**What to produce**
If a line of the listing contains the string "Great", return that line.

**Data section**
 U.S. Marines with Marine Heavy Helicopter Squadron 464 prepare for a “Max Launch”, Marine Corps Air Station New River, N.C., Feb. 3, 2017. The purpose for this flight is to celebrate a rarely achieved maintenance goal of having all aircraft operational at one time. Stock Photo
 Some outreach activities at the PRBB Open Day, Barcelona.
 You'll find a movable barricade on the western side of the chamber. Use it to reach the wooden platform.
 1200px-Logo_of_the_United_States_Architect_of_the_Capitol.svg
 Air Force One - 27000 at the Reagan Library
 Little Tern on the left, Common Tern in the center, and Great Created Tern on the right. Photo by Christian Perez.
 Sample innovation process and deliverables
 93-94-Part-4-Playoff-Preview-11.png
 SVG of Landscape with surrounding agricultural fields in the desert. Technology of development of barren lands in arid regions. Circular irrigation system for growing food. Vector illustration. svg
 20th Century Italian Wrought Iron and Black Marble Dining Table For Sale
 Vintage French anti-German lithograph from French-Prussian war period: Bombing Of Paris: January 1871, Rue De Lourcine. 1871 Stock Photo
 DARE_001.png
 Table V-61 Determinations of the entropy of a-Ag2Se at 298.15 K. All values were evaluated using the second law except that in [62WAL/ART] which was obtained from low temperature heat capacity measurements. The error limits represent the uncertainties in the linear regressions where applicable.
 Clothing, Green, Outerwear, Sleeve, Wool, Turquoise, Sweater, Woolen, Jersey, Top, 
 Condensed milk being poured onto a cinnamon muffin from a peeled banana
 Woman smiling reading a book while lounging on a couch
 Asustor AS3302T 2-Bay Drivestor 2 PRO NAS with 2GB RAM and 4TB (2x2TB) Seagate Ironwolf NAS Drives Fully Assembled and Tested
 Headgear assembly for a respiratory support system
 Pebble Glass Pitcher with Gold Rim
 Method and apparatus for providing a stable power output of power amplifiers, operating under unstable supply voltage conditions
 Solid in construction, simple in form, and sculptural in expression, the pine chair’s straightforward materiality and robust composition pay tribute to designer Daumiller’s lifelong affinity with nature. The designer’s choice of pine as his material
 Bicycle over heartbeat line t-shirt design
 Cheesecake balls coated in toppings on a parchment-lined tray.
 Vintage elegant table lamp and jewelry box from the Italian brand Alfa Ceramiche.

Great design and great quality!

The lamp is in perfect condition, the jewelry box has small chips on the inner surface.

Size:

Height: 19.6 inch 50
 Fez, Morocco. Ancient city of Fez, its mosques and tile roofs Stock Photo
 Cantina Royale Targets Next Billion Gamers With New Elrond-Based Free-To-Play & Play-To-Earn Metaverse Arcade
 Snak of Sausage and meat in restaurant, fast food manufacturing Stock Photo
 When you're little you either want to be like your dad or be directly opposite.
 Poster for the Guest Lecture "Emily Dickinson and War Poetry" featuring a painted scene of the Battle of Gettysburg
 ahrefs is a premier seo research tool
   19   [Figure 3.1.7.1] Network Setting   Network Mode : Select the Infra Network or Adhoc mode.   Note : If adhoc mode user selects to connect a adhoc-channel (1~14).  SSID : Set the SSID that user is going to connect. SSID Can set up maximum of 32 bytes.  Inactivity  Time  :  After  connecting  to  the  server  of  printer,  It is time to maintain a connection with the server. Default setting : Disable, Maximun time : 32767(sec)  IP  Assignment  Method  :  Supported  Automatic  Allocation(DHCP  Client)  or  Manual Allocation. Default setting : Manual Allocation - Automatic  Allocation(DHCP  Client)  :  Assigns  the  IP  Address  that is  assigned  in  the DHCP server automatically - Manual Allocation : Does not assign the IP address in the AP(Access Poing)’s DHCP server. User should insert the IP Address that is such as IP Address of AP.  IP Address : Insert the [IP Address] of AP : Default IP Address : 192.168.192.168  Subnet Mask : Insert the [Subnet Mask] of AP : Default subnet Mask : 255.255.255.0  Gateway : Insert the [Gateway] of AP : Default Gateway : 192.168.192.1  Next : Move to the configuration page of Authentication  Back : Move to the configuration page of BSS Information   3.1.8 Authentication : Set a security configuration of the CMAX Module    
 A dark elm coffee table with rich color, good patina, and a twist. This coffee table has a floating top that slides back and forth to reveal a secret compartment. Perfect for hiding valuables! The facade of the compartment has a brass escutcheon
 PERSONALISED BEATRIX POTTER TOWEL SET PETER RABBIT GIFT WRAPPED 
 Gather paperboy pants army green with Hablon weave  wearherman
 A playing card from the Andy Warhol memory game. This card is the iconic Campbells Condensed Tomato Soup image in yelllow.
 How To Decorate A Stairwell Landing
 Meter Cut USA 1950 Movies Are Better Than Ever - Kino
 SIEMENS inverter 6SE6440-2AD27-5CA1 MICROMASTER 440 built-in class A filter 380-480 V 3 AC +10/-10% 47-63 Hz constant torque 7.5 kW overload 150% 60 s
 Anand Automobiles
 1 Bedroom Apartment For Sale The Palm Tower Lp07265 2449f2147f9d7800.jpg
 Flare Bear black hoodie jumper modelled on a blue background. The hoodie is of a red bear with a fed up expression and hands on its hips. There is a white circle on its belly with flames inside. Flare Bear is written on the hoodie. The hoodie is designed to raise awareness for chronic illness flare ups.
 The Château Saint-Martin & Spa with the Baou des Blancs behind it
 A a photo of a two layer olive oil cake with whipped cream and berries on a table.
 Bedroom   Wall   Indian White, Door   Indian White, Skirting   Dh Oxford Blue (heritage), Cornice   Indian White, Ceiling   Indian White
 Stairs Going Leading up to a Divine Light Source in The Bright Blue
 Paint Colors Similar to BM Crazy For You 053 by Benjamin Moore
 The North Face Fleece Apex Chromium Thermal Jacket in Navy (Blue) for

**The answer**
 Little Tern on the left, Common Tern in the center, and Great Created Tern on the right. Photo by Christian Perez.
Great design and great quality!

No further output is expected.